黄色靭帯骨化症とは、背中の脊柱管の後ろにある黄色靭帯(脊髄を守る靭帯の一つ)が厚くなり、骨のように硬くなる病気です。特にアジア人、特に日本人に多く、50歳以上で発症しやすいですが、若いアスリートにもまれに見られます。骨化は主に胸椎の下部(T10~L2)で起こり、脊髄を後ろから圧迫して、足のしびれや歩きにくさ、膀胱の調子が悪くなる症状を引き起こします。頸椎や腰椎ではほとんど起きず、石灰化(カルシウムの沈着)とは異なる骨の変化です。症状はゆっくり進みますが、軽い衝撃で急に悪くなることもあります。CTやMRIで正確に診断され、神経の圧迫が強い場合は手術が必要になります。

黄色靱帯骨化症 OFL ossification of the ligament flavum

黄色靱帯は上下の椎弓間を架橋し、脊柱管の後壁とと側壁を構成します。黄色靱帯骨化症はこの靱帯が何らかの原因で肥厚し骨組織に置換され脊柱管が後側壁より圧迫狭窄された状態をいいます。

アジア人に多く、胸椎部の脊髄・神経根圧迫症状を起こす代表疾患となっています。下位胸椎から胸腰椎移行部に多く頚椎での発症はほとんどありません。調査によると30歳以上で発生することがほとんどで、30歳以下ではほとんどありません。最近の報告では30歳未満でもアスリート特に野球のピッチャーで黄色靱帯骨化症による手術例があります。右投げなら左側の肥厚が大きくなる傾向があります。

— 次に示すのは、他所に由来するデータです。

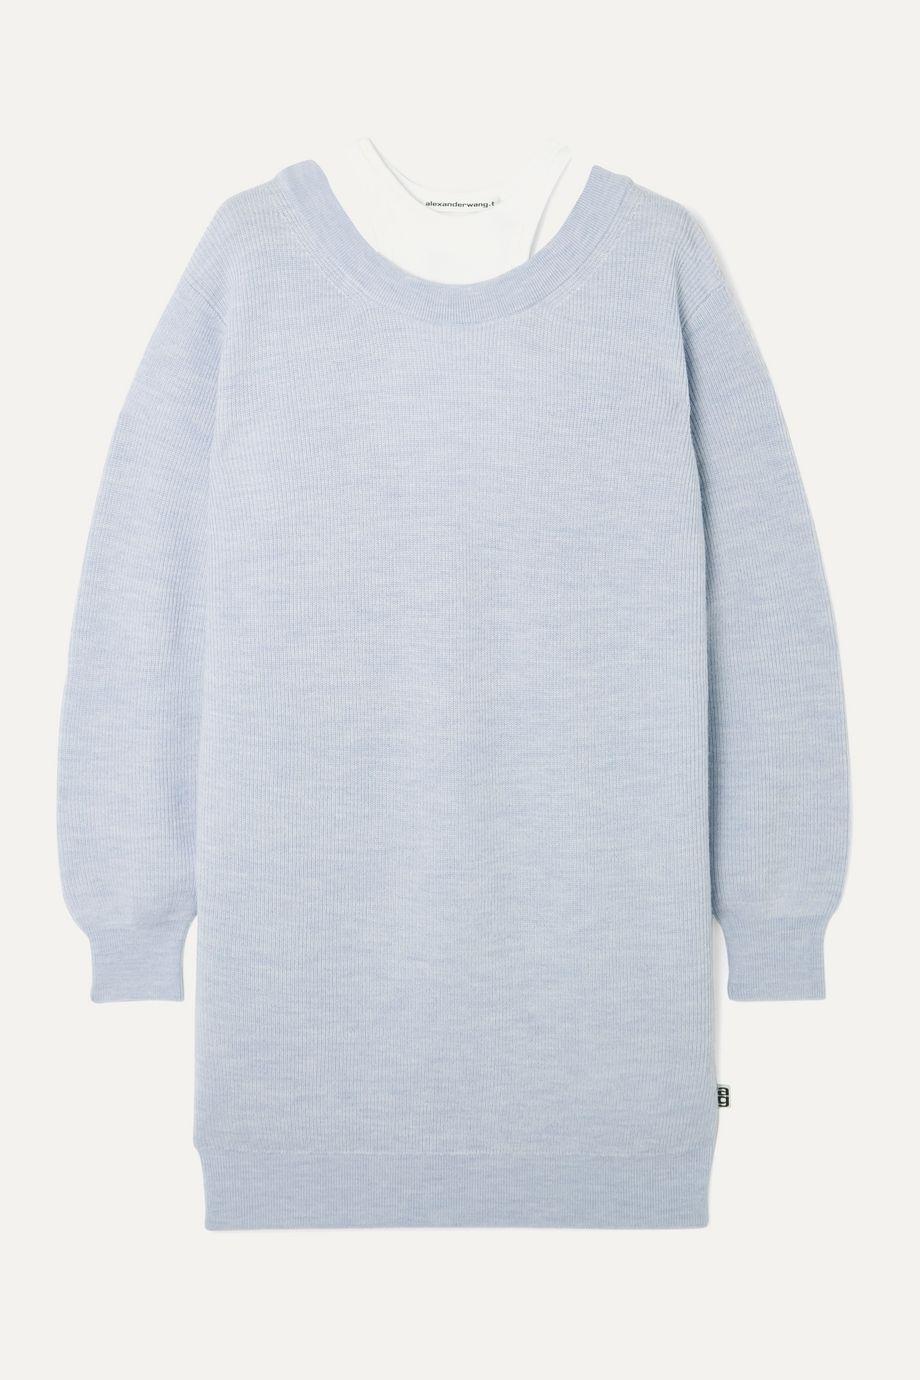 alexanderwang.t Layered merino wool and stretch-cotton jersey mini dress
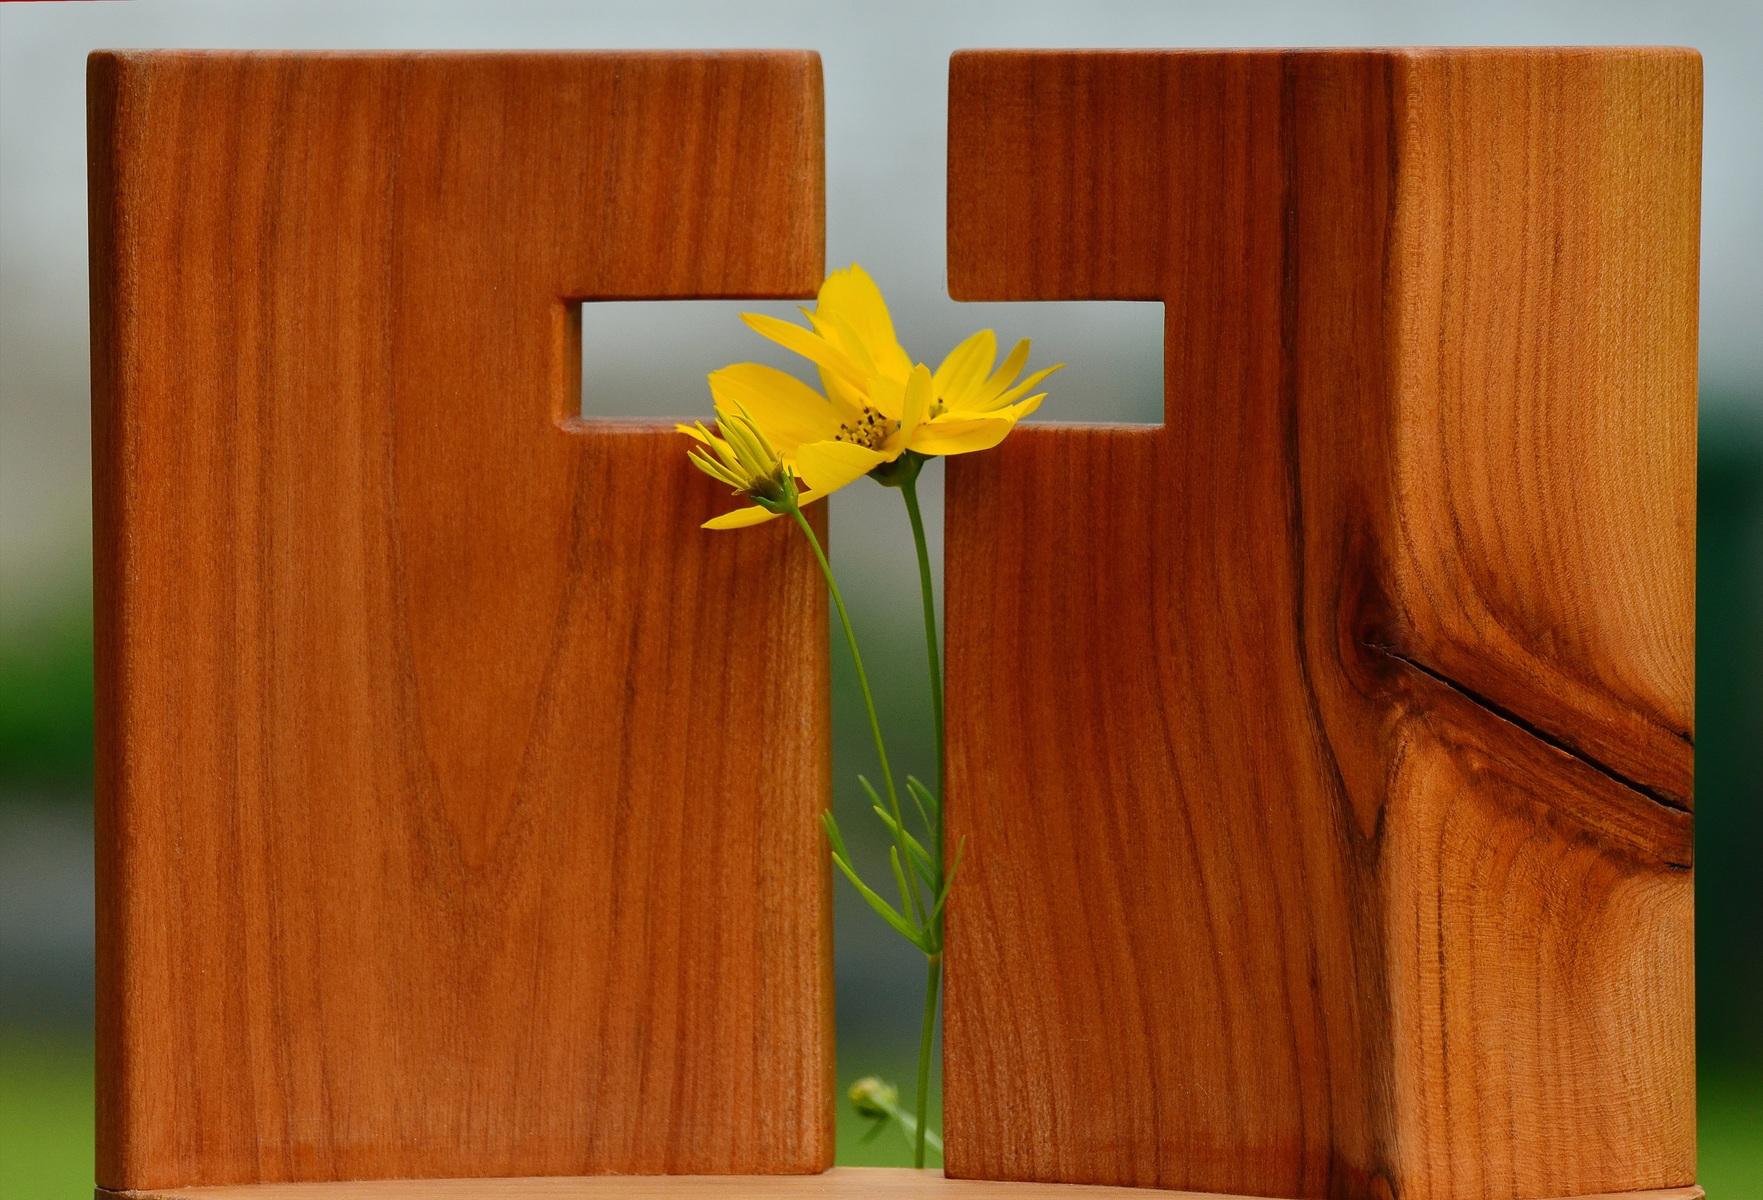 wood-flower-live-green-symbol-religion-578137-pxhere.com

症状は患側の肋間神経痛、下部胸壁の痛み(違和感、張り感、筋肉痛様)を中心に、時に下肢のしびれや下肢筋力の低下が起こります。

診断はMann試験陽性に加えて、レントゲン、MRIを行い、CTによる精査が必要です。保存的な治療を行って改善しない場合は手術を考慮します。

Mann試験:両足を前後につけて起立し閉眼させます。体幹が動揺し10秒以内に足の位置がずれる時を陽性とします。脊髄後索路障害による平衡機能障害の可能性があります。